The story of the Central Intelligence Agency's secret financing of the National Student Association, which hit the front pages of the national press in March 1967, did not measurably damage the NSA's standing with student governments. But the majority of the million-plus students that NSA claimed to "represent" were likely unaware of the organization. The NSA had concentrated its recruiting efforts on persuading the on-campus student governments, typically a handful of leaders, to formally affiliate. Only in rare instances did the NSA and its campus agents go directly to the student body for a vote of approval.

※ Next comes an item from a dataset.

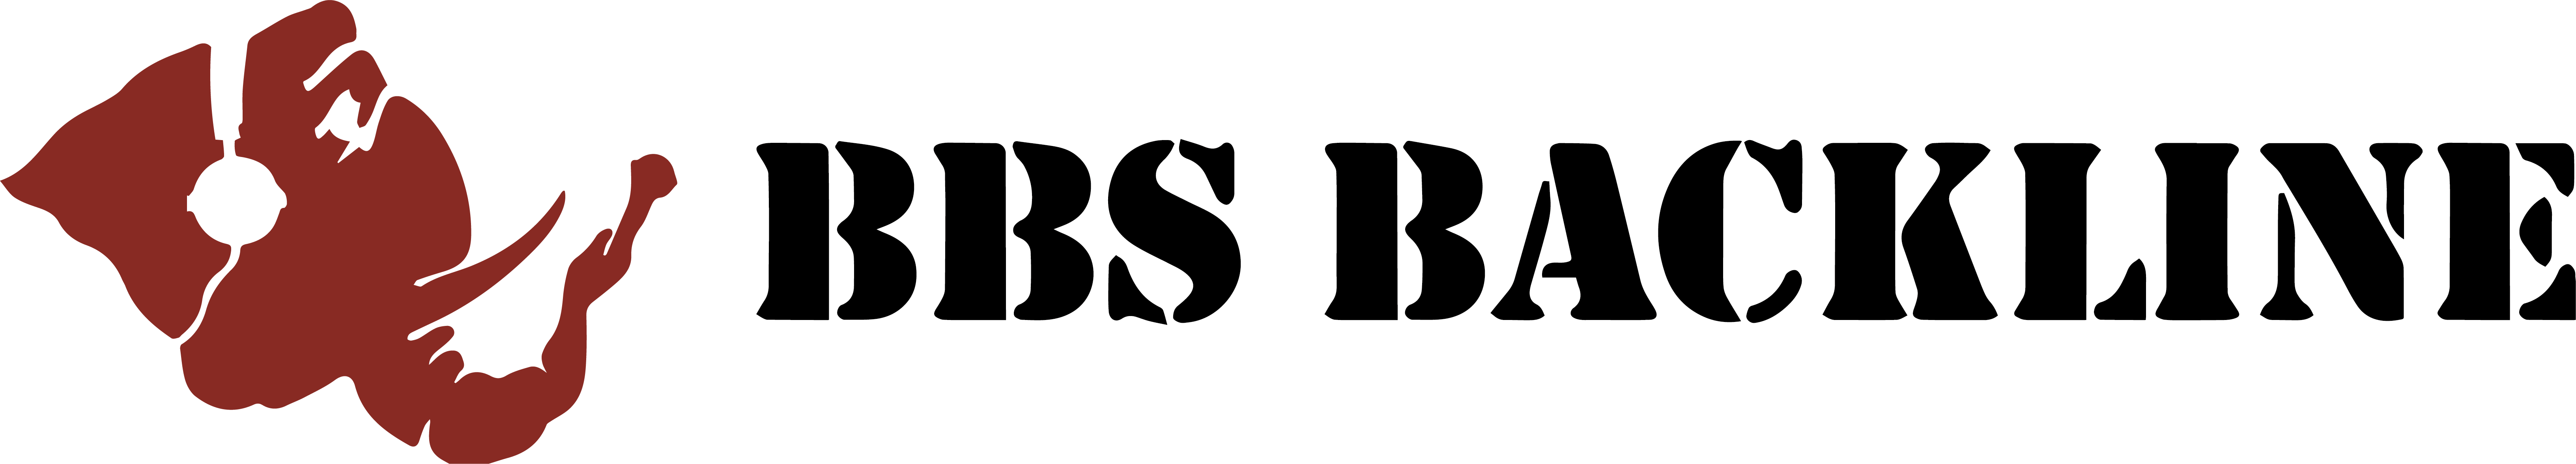 logo bbs backline

In August 1967, the NSA formally cut its ties with the CIA and began, for example, paying the mortgage on its offices in Washington, DC. The organization remained in a brownstone on S Street, NW for many years until its mergers with the National Student Lobby and National Student Educational Fund.

1969–1978 
In 1969, the NSA held its annual meeting in El Paso, Texas, where thousands of student delegates overwhelmed the city, particularly the Hotel Cortez, with music, drugs, and free love. Bill M. Shamblin, former editor of the University of Alabama's newspaper, the CW, was one of the meeting's lead speakers. The NSA's Executive Vice President, James Hercules Sutton,  presented testimony that year against an all-volunteer Army to a Congressional panel that included General James Gavin and General Omar Bradley, expressing the view that such an Army would be racially imbalanced in enlisted ranks. Jim Graham, Washington D.C. City Councilman, was an NSA Vice President during this time.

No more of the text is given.